In some schemes the Ombudsman will first try to achieve an agreed solution by acting as a mediator between the complainant and the organisation concerned.




Formal investigation

After conducting an investigation the Ombudsman usually issues a written report. This normally sets out the evidence considered by the Ombudsman and suggests how the dispute should be resolved. Often the report will also include recommendations about the improvement of procedures or practices for the future.




What the Ombudsman does

In most schemes - though not all - the Ombudsman cannot intervene simply because the complainant does not like a decision. Usually the Ombudsman's job is to consider whether something has been badly or unfairly handled. Examples are unreasonable delay, neglect, inaction, inefficiency, failure to follow policy or proper procedures, unfair discrimination, discourtesy, inconsistency, mistakes of law and giving inaccurate information or advice. In some schemes the Ombudsman provides an alternative to action through the courts.

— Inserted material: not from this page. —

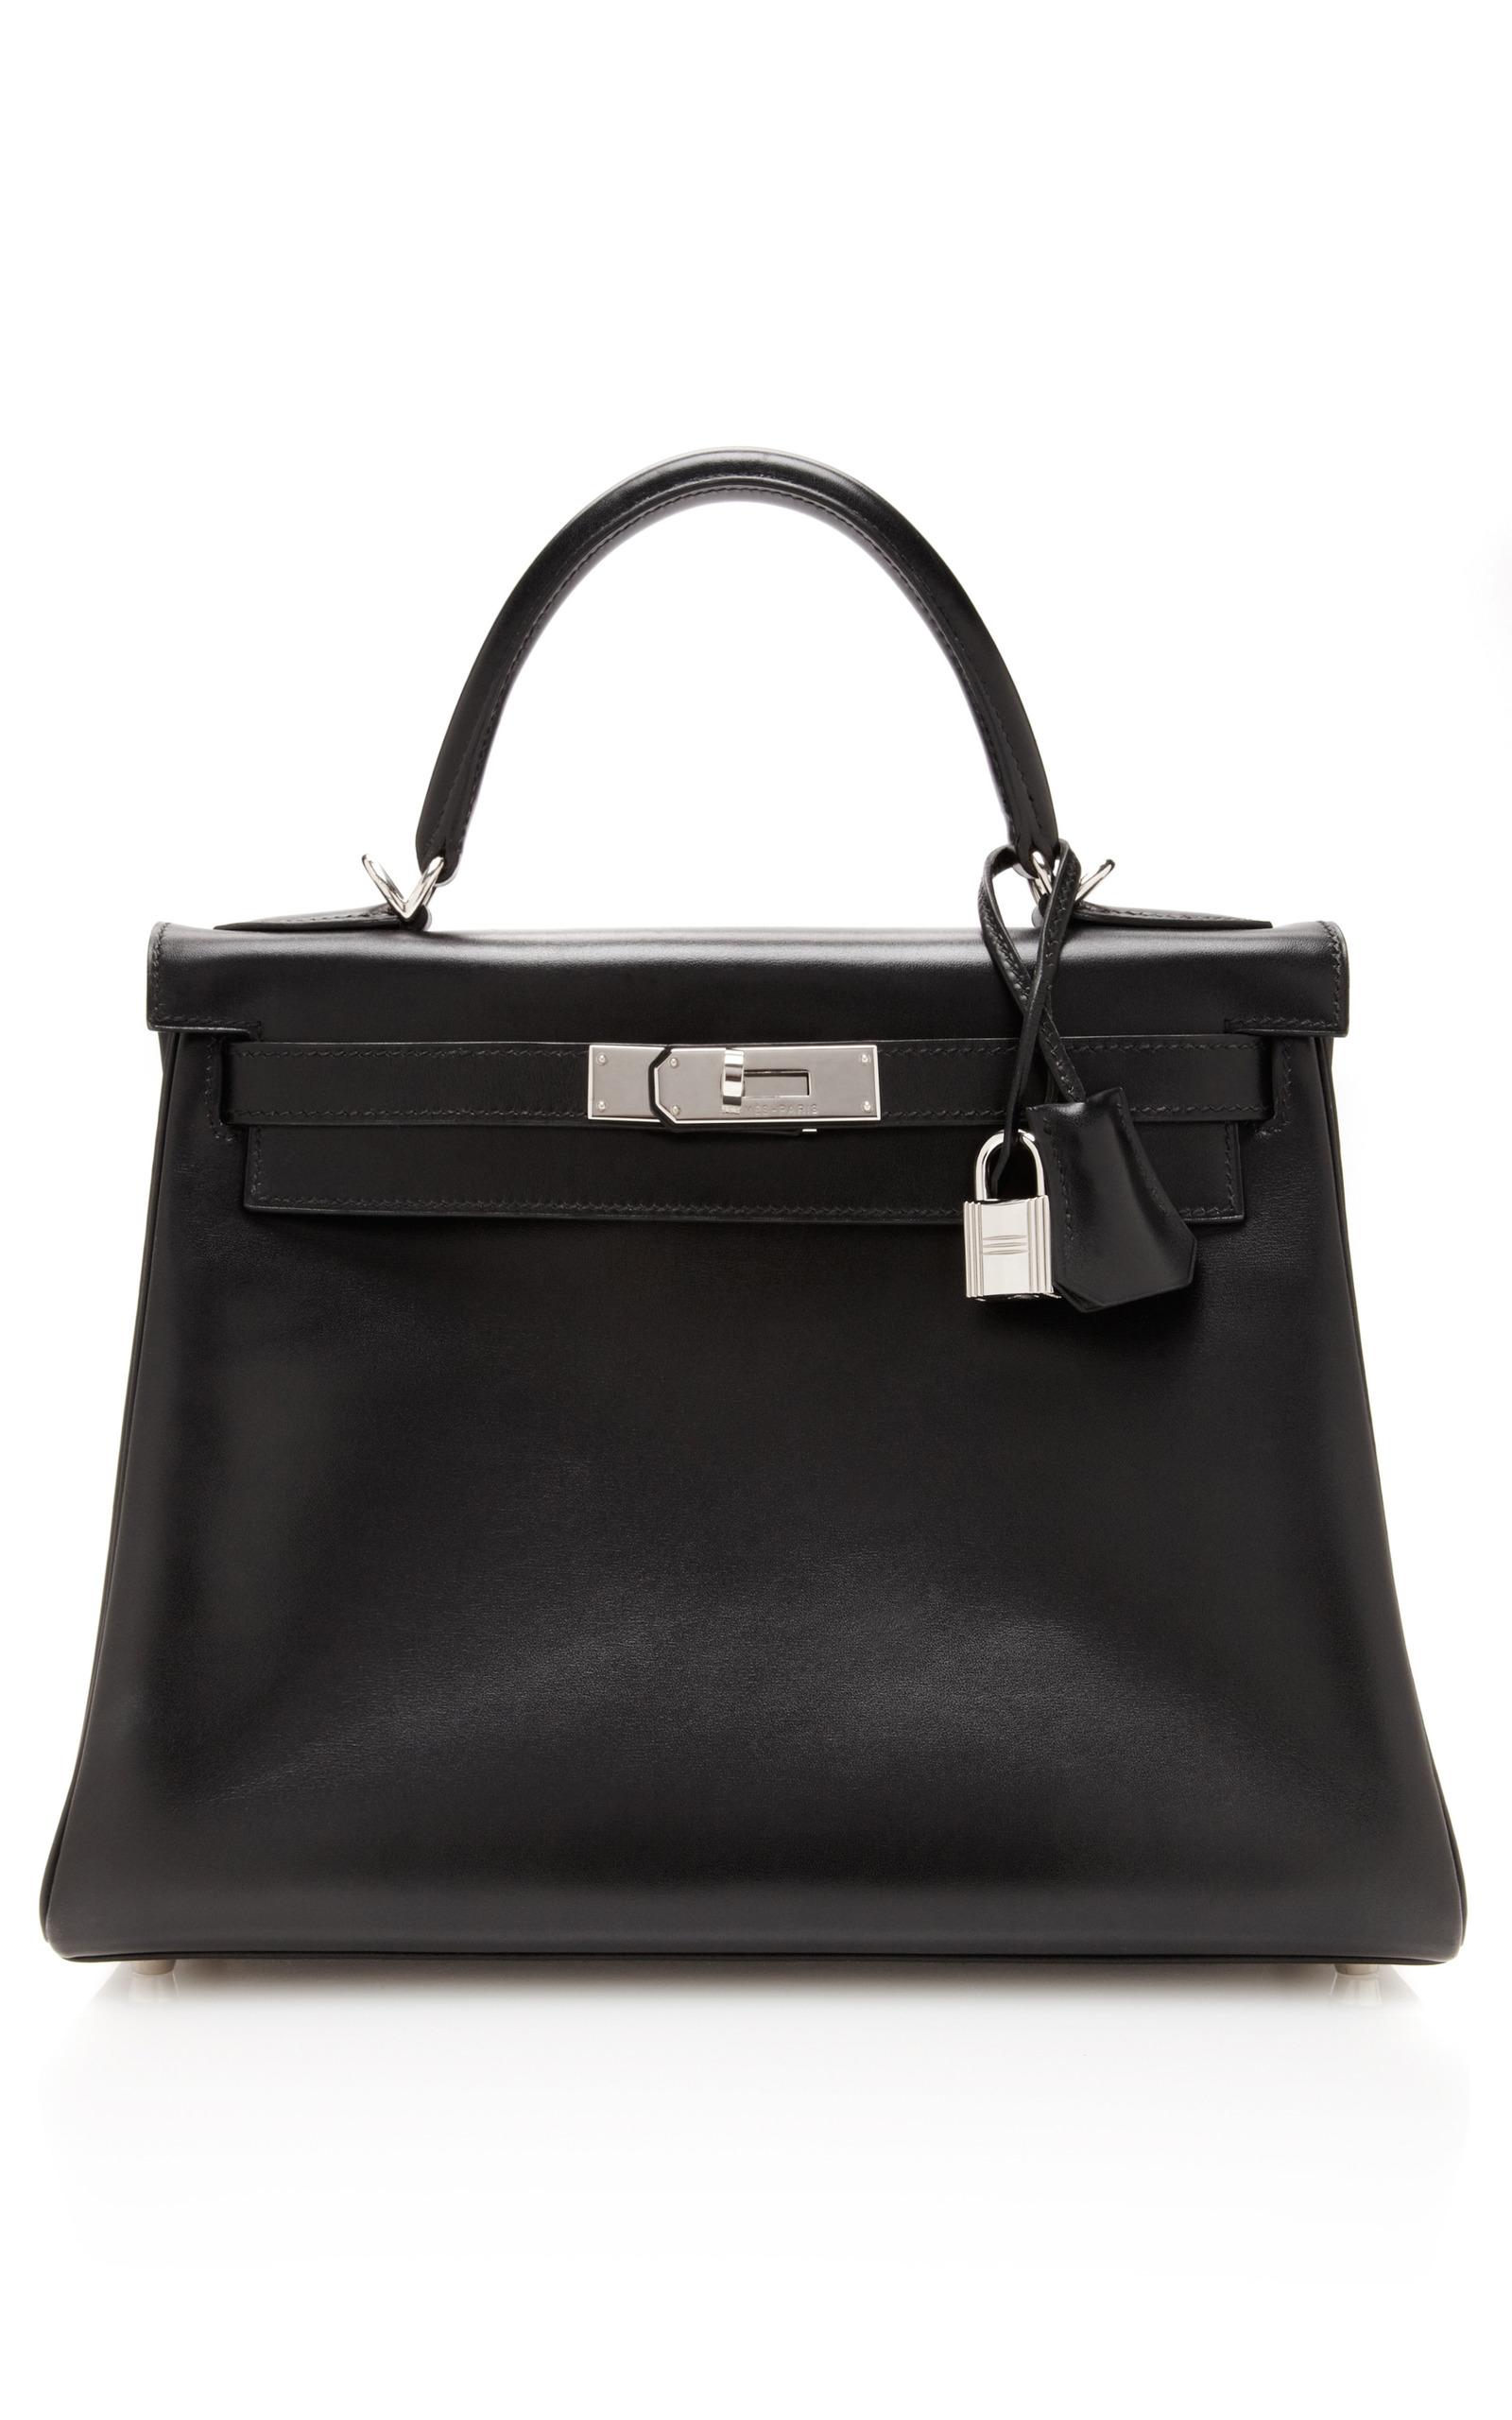 611704ac1dd1 Hermes 28Cm Black Calf Box Leather Retourne Kelly by Hermes Vintage ...

If the complaint is upheld the Ombudsman will expect the organisation to provide a suitable remedy. Remedies may include an apology, publicity for the Ombudsman's decision, provision of the service desired, putting right what went wrong and financial compensation.


In some schemes the Ombudsman makes a recommendation which the organisation is expected to follow and usually does. In other schemes there is provision for the Ombudsman to make a monetary award which is legally binding on the organisation.




All the Ombudsman schemes have a carefully defined jurisdiction. In all of them some kinds of complaint are excluded. Typical exclusions are complaints which are being dealt with or have been dealt with by a court or tribunal; and complaints by employees about their own jobs.




Differences in schemes

This is a broad description of what the Ombudsmen do. The precise details of each scheme vary. Anyone thinking of making a complaint to an Ombudsman can contact the relevant office for further information and guidance on how to proceed.